▼▼▼

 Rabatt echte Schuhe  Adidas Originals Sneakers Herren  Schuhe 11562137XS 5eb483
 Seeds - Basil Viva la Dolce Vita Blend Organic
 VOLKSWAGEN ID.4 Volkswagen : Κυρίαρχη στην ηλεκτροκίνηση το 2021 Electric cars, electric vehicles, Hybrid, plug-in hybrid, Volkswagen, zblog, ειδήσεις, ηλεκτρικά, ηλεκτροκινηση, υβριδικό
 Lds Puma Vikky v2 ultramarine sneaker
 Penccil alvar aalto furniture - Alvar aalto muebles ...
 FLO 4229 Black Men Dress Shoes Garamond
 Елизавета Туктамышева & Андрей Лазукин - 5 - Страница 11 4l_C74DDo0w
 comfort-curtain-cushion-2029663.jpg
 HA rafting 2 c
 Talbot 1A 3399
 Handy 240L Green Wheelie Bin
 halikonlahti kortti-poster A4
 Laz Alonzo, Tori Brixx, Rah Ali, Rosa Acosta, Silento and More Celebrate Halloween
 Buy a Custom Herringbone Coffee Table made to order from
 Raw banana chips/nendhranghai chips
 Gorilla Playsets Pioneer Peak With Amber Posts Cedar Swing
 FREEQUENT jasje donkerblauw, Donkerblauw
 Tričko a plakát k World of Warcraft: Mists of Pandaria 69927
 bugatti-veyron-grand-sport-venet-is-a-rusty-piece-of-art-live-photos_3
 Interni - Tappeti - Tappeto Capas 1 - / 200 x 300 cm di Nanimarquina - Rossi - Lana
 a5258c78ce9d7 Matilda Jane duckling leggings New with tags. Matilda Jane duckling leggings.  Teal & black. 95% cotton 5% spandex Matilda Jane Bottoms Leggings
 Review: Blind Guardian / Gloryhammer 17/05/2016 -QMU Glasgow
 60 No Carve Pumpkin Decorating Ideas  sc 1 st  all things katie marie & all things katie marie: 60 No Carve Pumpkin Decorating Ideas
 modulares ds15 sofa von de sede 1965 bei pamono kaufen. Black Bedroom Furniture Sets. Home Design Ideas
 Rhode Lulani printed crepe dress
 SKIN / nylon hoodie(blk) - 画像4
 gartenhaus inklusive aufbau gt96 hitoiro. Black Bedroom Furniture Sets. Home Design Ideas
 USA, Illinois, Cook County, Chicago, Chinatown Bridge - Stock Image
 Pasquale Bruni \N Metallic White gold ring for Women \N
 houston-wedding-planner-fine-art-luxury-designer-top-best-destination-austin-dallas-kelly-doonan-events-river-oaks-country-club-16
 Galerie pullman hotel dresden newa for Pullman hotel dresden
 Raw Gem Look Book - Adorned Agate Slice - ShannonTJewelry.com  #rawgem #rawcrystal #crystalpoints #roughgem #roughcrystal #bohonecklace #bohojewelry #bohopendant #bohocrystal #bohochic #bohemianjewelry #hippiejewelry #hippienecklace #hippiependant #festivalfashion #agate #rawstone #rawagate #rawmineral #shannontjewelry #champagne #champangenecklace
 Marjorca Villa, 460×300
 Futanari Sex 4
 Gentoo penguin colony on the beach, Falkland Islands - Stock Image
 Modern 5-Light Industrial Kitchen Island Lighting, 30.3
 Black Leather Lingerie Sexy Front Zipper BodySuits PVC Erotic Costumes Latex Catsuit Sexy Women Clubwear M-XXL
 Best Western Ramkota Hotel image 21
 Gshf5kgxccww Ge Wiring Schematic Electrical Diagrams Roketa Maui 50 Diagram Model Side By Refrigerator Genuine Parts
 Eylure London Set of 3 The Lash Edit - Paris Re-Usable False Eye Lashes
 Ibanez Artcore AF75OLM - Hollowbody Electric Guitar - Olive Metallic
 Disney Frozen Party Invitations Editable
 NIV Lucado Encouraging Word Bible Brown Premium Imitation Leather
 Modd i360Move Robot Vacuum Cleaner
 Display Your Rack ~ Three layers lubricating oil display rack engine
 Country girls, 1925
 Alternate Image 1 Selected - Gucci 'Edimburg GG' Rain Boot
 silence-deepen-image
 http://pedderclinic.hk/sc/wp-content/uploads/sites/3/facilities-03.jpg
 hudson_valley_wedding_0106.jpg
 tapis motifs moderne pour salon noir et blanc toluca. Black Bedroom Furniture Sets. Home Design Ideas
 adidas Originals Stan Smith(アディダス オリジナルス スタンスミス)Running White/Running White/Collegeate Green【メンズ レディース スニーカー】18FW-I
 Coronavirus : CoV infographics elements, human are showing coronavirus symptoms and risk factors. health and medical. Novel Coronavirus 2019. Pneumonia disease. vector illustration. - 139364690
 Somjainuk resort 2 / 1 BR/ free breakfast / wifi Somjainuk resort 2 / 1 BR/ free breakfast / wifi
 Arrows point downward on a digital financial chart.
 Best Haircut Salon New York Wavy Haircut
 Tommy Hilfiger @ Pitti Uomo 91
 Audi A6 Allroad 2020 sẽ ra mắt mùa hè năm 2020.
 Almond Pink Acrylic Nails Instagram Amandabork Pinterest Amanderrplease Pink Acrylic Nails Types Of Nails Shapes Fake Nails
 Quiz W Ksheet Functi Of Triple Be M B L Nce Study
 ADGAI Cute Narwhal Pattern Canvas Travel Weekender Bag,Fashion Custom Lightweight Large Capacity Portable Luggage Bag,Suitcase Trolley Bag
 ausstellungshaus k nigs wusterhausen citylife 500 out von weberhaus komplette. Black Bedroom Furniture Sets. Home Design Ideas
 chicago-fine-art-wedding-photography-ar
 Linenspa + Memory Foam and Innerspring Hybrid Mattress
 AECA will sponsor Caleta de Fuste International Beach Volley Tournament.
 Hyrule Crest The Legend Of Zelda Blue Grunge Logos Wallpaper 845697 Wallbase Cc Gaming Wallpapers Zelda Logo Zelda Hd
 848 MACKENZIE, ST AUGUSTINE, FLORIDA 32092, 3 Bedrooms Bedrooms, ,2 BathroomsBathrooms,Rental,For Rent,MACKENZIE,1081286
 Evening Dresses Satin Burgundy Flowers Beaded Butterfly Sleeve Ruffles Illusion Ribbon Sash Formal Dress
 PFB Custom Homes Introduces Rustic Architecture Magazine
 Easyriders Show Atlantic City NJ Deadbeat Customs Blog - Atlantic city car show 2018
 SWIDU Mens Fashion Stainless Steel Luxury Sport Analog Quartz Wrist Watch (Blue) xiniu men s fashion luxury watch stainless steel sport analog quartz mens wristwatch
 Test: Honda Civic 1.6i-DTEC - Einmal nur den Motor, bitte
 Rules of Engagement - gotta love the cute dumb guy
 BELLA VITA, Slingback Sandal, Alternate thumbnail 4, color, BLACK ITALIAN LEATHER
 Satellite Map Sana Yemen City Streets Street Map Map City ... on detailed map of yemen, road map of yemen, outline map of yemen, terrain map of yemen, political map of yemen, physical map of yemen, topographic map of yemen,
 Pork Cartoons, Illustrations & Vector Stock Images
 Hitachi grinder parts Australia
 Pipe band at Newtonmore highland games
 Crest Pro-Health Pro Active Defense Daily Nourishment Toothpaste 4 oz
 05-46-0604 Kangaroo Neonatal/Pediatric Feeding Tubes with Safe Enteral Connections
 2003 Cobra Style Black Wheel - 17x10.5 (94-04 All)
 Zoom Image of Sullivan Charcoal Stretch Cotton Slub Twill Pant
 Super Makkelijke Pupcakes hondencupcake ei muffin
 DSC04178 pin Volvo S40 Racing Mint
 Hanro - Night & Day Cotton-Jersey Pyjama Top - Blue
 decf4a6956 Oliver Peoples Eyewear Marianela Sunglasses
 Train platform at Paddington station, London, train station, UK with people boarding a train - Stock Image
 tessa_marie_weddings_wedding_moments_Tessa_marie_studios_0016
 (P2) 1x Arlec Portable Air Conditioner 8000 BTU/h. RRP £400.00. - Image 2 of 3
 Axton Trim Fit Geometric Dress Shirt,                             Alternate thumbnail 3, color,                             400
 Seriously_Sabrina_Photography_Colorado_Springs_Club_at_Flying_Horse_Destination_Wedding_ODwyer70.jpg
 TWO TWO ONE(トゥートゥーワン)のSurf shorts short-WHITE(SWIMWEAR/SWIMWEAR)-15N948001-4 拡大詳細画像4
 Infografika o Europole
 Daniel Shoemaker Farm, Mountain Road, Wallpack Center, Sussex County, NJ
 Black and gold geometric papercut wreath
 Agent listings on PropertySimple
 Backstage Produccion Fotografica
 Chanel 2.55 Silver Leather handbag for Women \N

▲▲▲

What goes in the answer is the run of lines from the one holding "decf4a6956 Oliver Peoples" to the end of the entries, reproduced exactly and with nothing else.

 decf4a6956 Oliver Peoples Eyewear Marianela Sunglasses
 Train platform at Paddington station, London, train station, UK with people boarding a train - Stock Image
 tessa_marie_weddings_wedding_moments_Tessa_marie_studios_0016
 (P2) 1x Arlec Portable Air Conditioner 8000 BTU/h. RRP £400.00. - Image 2 of 3
 Axton Trim Fit Geometric Dress Shirt,                             Alternate thumbnail 3, color,                             400
 Seriously_Sabrina_Photography_Colorado_Springs_Club_at_Flying_Horse_Destination_Wedding_ODwyer70.jpg
 TWO TWO ONE(トゥートゥーワン)のSurf shorts short-WHITE(SWIMWEAR/SWIMWEAR)-15N948001-4 拡大詳細画像4
 Infografika o Europole
 Daniel Shoemaker Farm, Mountain Road, Wallpack Center, Sussex County, NJ
 Black and gold geometric papercut wreath
 Agent listings on PropertySimple
 Backstage Produccion Fotografica
 Chanel 2.55 Silver Leather handbag for Women \N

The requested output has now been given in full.